Eight inhabitants of the village survived, of whom six witnessed the massacre – five children and an adult.
1. Twelve-year-old Anton Iosifovich Baranovsky (1930–1969) was left for dead with wounds in both legs. His injuries were treated by partisans.
2. The only adult survivor of the massacre, 56-year-old village smith Yuzif Kaminsky (1887–1973), recovered consciousness with wounds and burns after the killers had left. He supposedly found his burned son, who later died in his arms. This incident was later commemorated with a statue at the Khatyn Memorial.
3. Another 12-year-old boy, Alexander Petrovich Zhelobkovich (1930–1994), escaped from the village before the soldiers were able to fully surround it. His mother woke him up and put him on a horse, on which he escaped to a nearby village. After the war, he served in the armed forces and became a reserve lieutenant colonel.
4. Vladimir Antonovich Yaskevich (1930–2008) hid in a potato pit 200 meters from his family house. Two soldiers noticed the boy, but spared him.
5. Sofia Antonovna Yaskevich (later Fiokhina) (1934–2020), Vladimir's sister, hid in the cellar from the early morning of the massacre. As an adult she worked as a typist, and was last reported living in Minsk.
6. Viktor Andreevich Zhelobkovich (1934–2020), a seven-year-old boy, survived the fire in the shed under the corpse of his mother. As an adult, he worked at the design office of a precision engineering company, and was also reported to be living in Minsk.
Two other Khatyn women survived because they were away from the village that day.
- Tatyana Vasilyevna Karaban (1910 – c. 2000s) was visiting relatives in a neighbouring village, Seredniaya.
- Sofya Klimovich, a relative of Karaban, was also visiting a nearby village. After the war she worked at the Memorial for several years.

==Post-war trials==
In 1946, the officer who ordered the massacre, Bruno Pavel, was prosecuted at the Riga Trial and executed. Ivan Melnichenko, the commander of Dirlewanger's Ukrainian platoon unit which assisted the battalion 118 committing the massacre, was fatally shot by NKVD agents on 26 February 1946 while resisting arrest. Multiple collaborators who participated in the massacre were tried in the 1960s and 1970s. Some of them were executed.

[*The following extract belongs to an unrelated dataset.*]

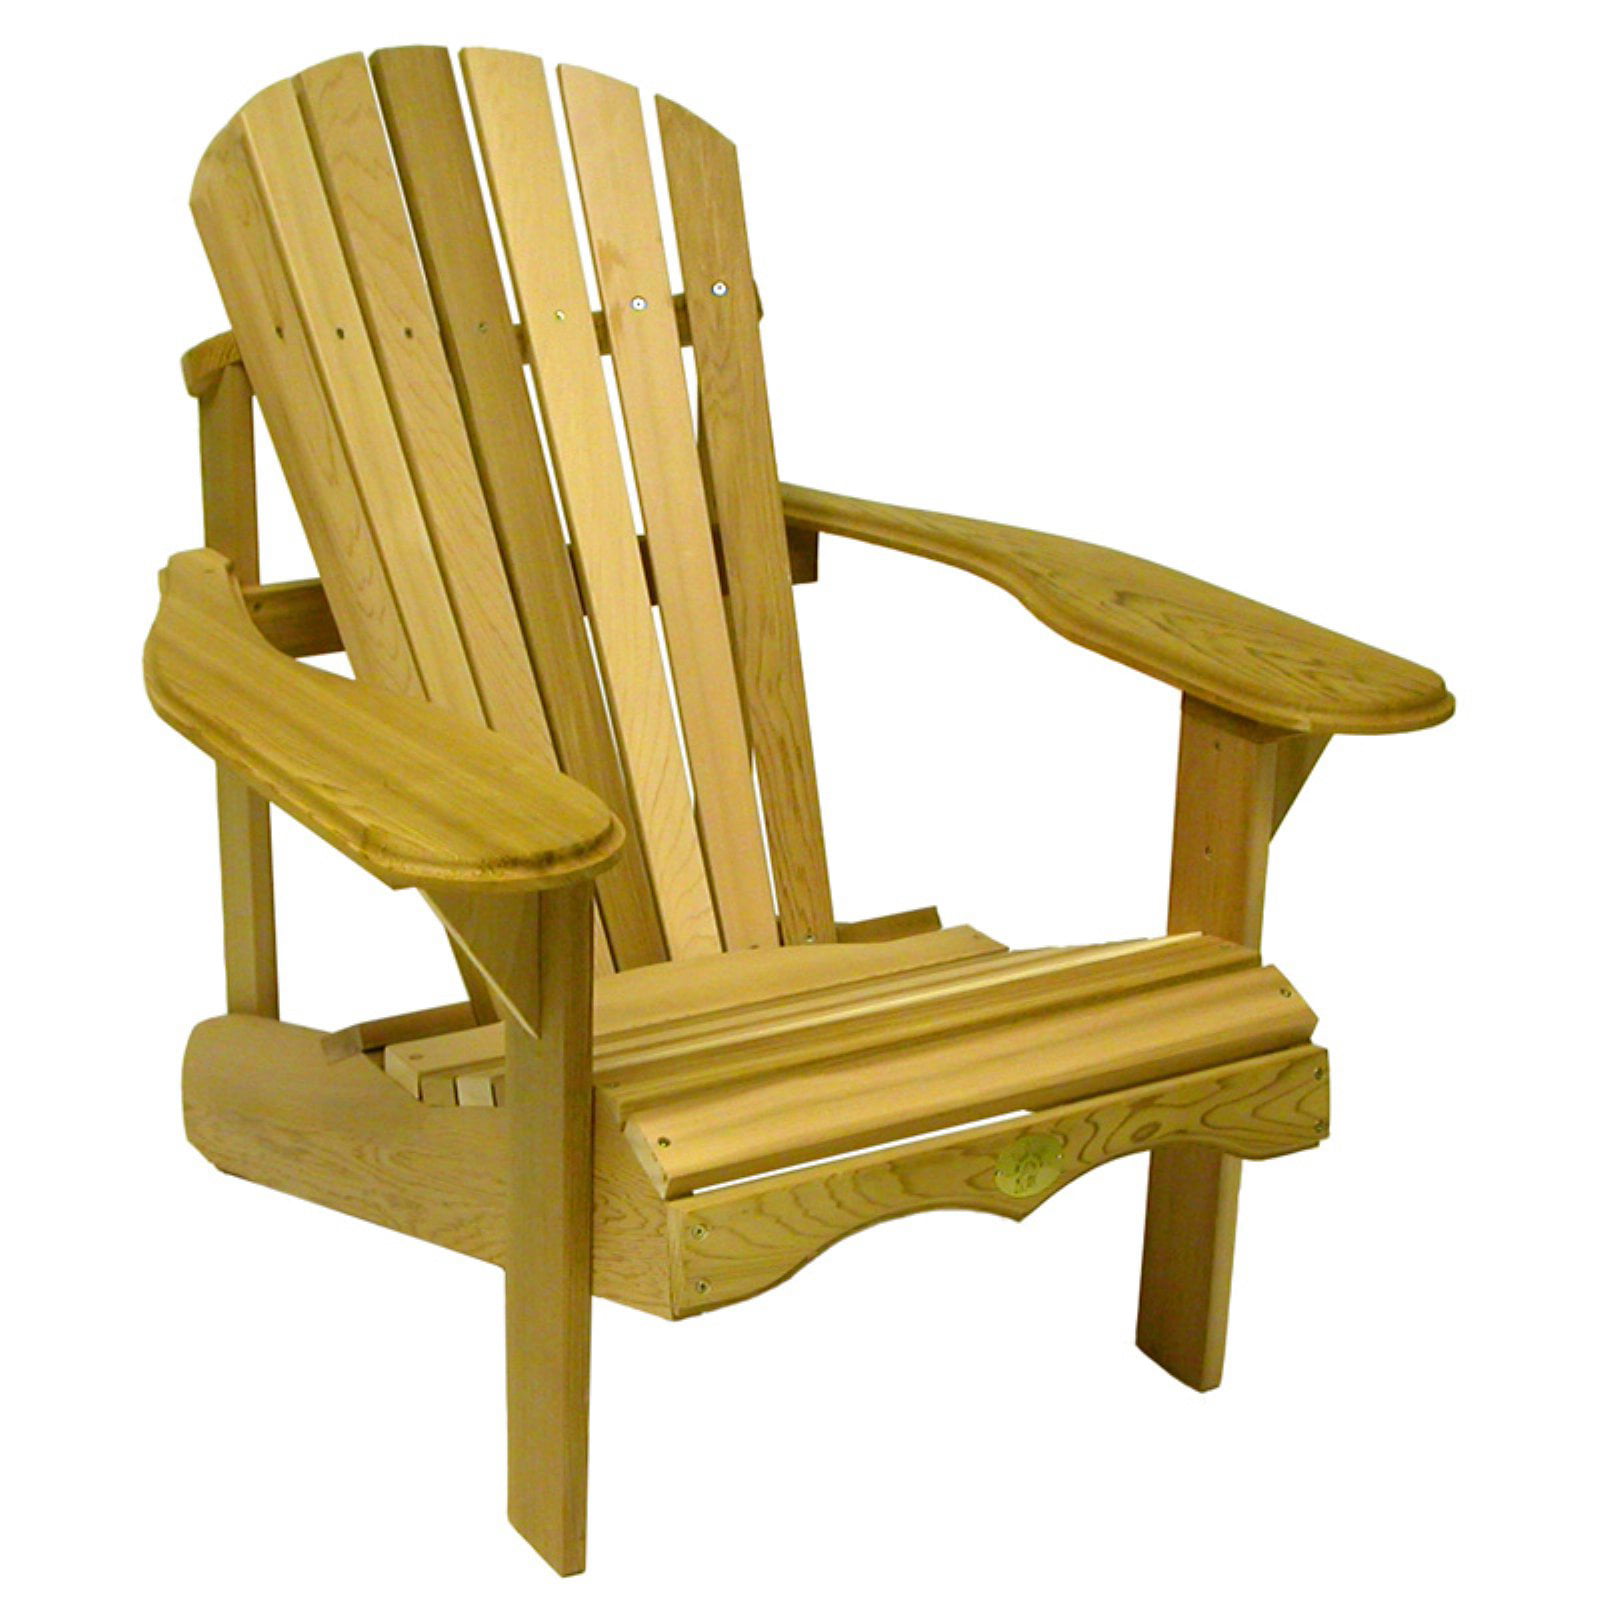 Rustic Natural Cedar Furniture Red Cedar Adirondack Chair ...

The commander of one of the platoons of 118th Schutzmannschaft Battalion, former Soviet junior lieutenant Vasyl Meleshko, was tried in a Soviet court and executed in 1975.

The chief of staff of 118th Schutzmannschaft Battalion, former Red Army senior lieutenant Hryhoriy Vasiura, was tried in Minsk in 1986 and found guilty of all his crimes. He was sentenced to death by the verdict of the military tribunal of the Belorussian Military District. Vasiura was executed in 1987.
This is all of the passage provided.